Machine Translation Experiments on PADIC: A Parallel Arabic DIalect Corpus

We present in this paper PADIC, a Parallel Arabic DIalect Corpus we built from scratch, then we conducted experiments on crossdialect Arabic machine translation. PADIC is composed of dialects from both the Maghreb and the Middle-East. Each dialect has been aligned with Modern Standard Arabic (MSA). Three dialects from Maghreb are concerned by this study: two from Algeria, one from Tunisia, and two dialects from the MiddleEast (Syria and Palestine). PADIC has been built from scratch because the lack of dialect resources. In fact, Arabic dialects in Arab world in general are used in daily life conversations but they are not written. At the best of our knowledge, PADIC, up to now, is the largest corpus in the community working on dialects and especially those concerning Maghreb.
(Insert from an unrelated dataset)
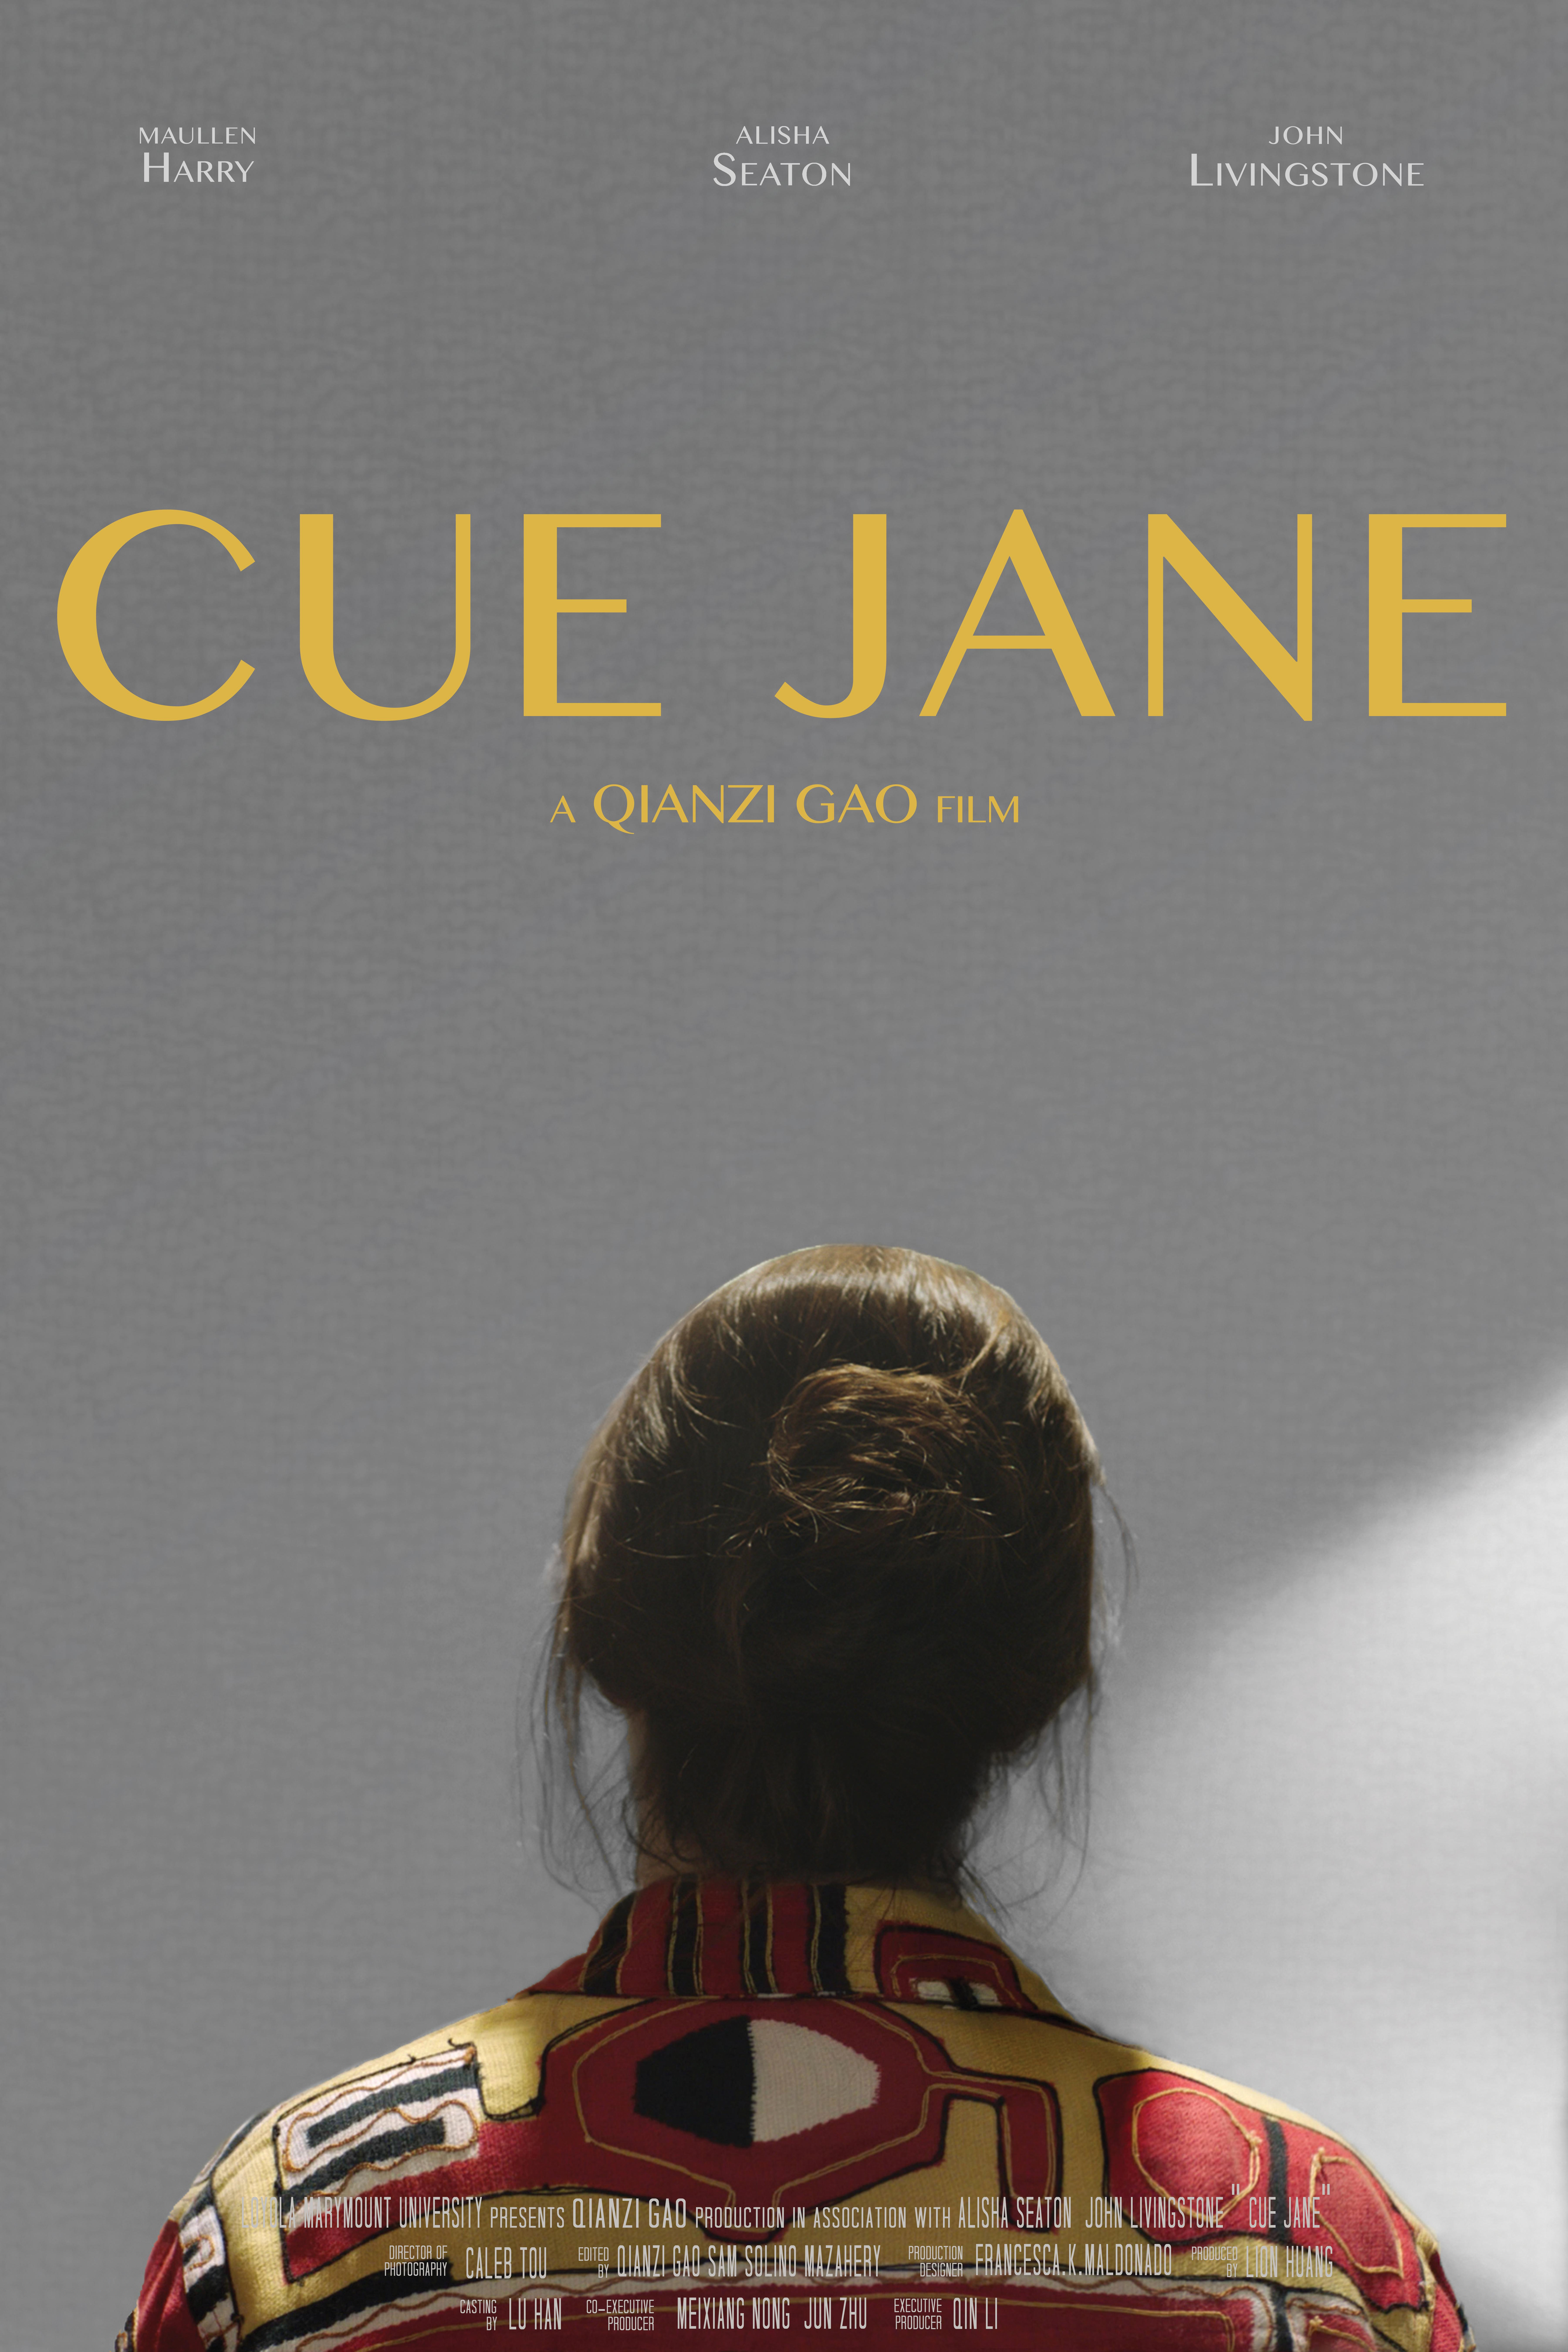 Cue Jane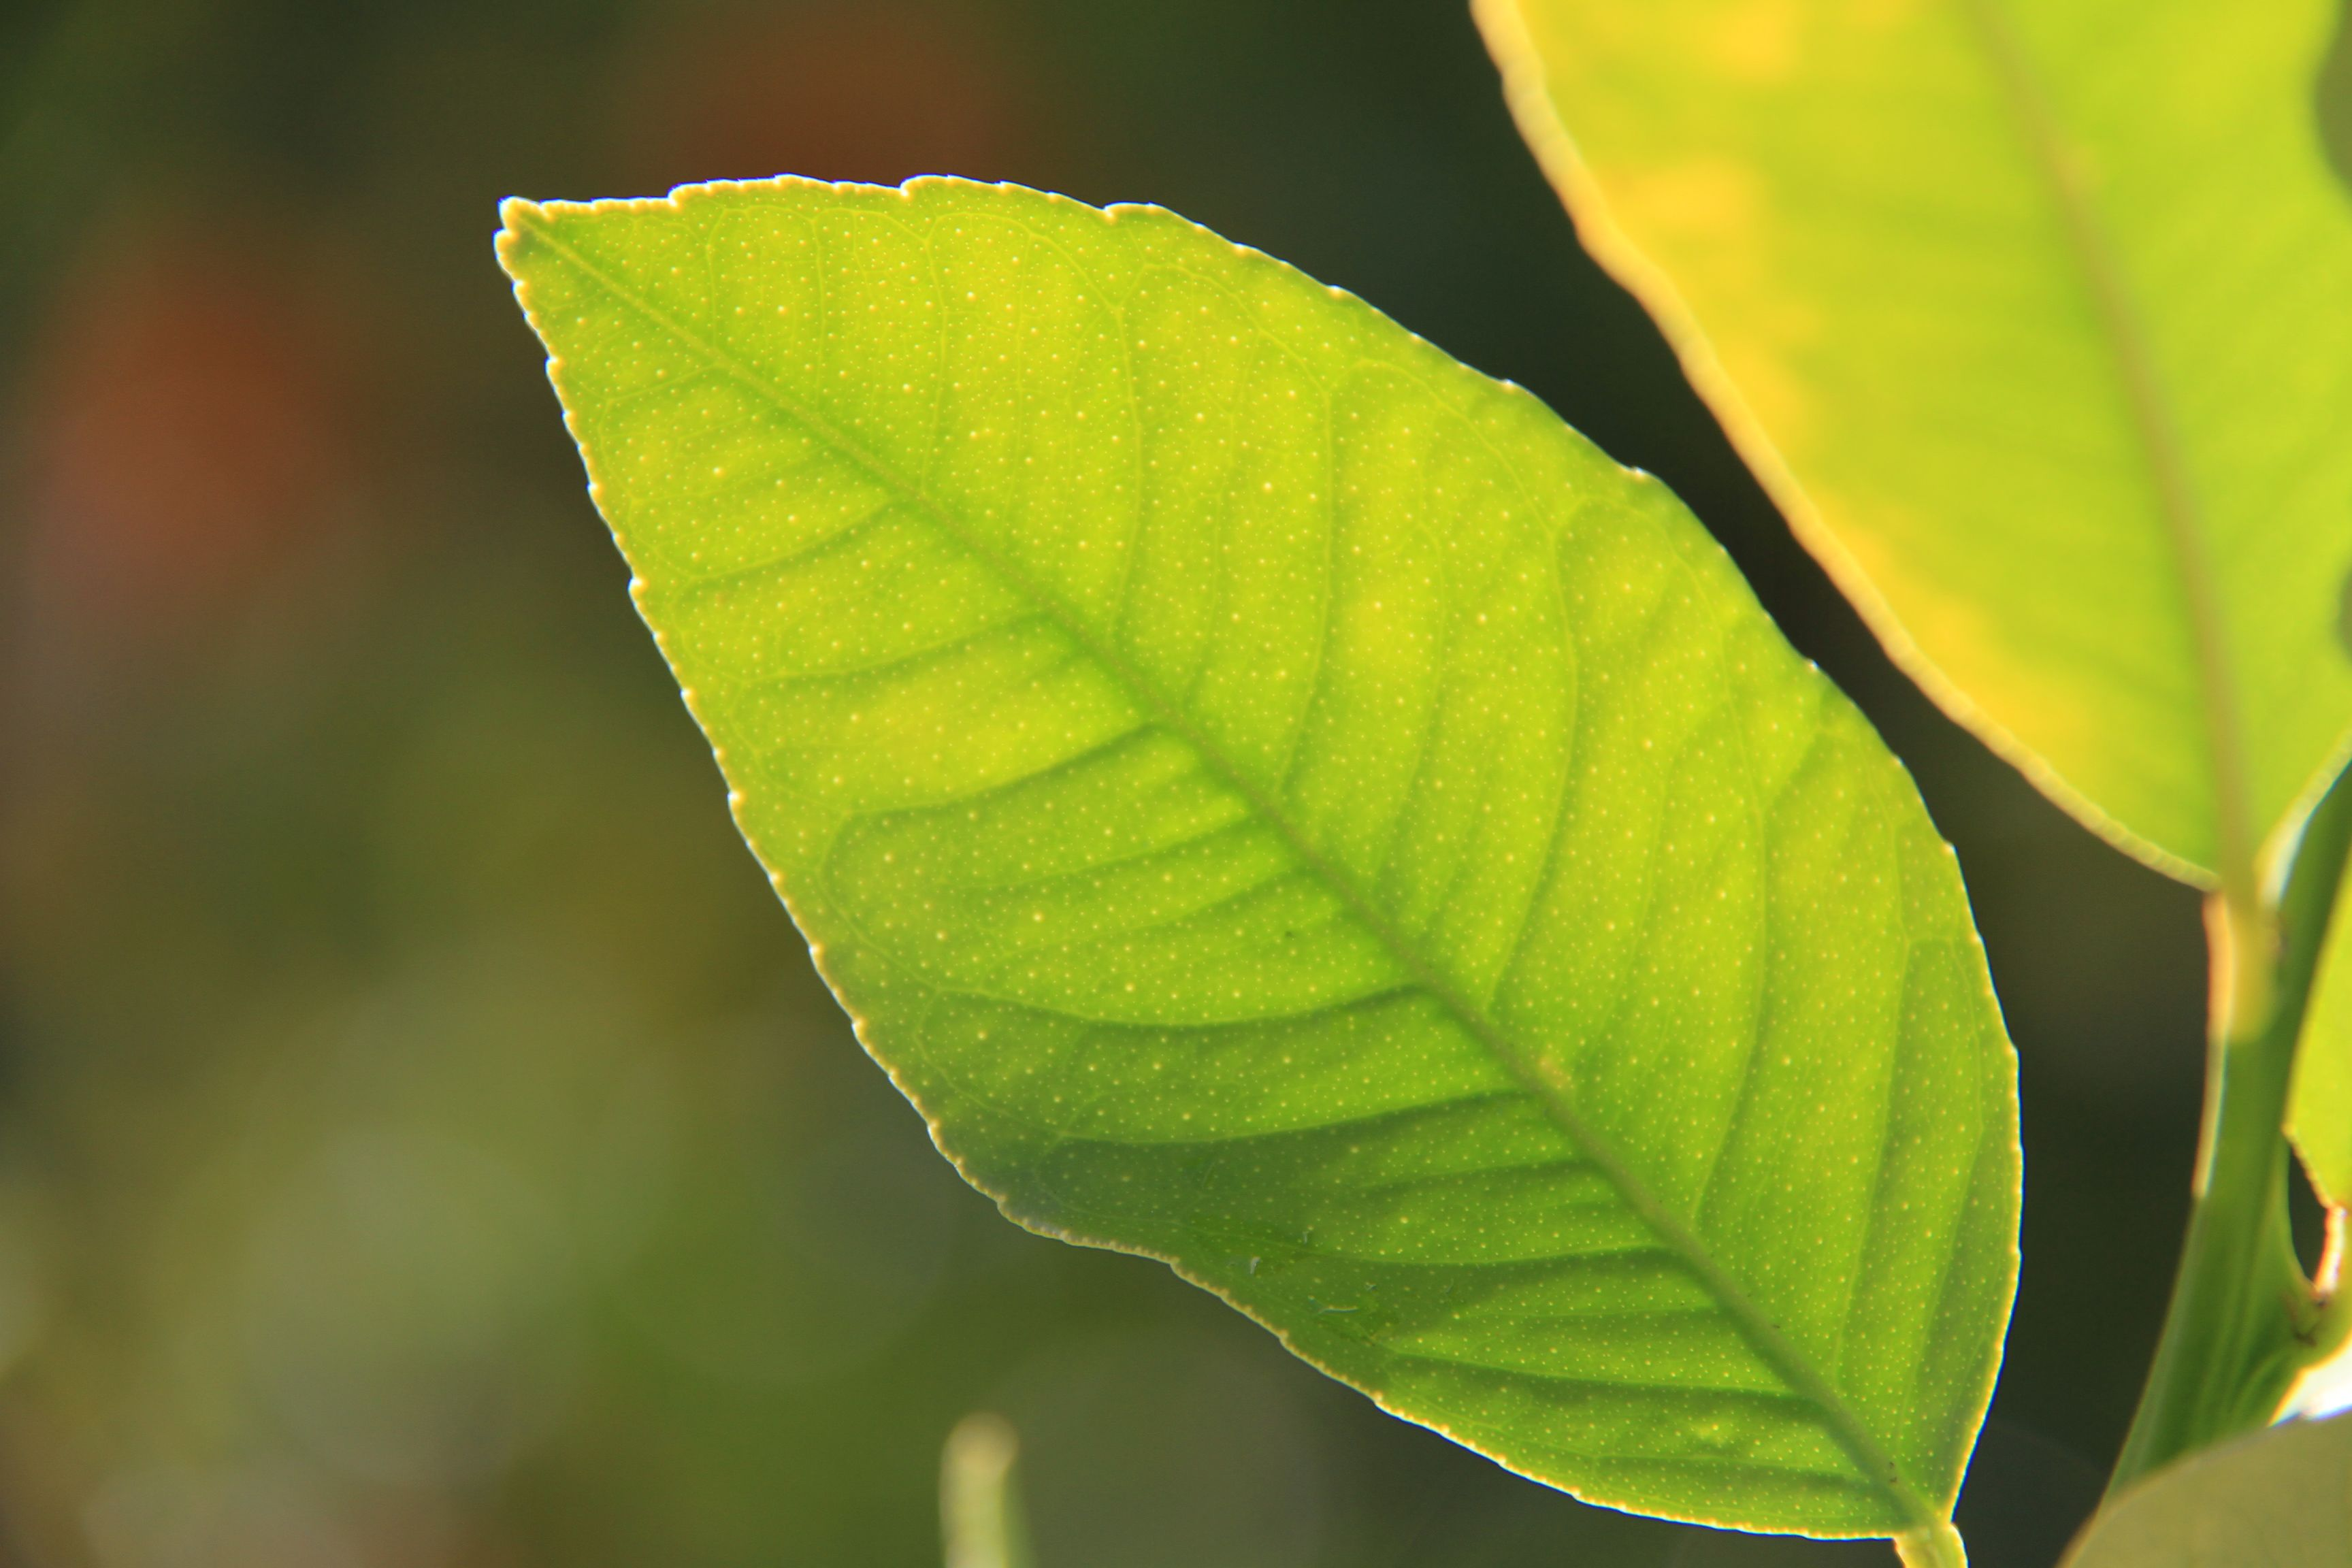 Green leaves of lemon tree in my backyard

PADIC is composed of 6400 sentences for each of the 5 concerned dialects and MSA. We conducted cross-lingual machine translation experiments between all the language pairs. For translating to MSA we interpolated the corresponding Language Model (LM) with a large Arabic corpus based LM. We also studied the impact of language model smoothing techniques on the results of machine translation because this corpus, even it is the largest one, it still very small in comparison to those used for translation of natural languages.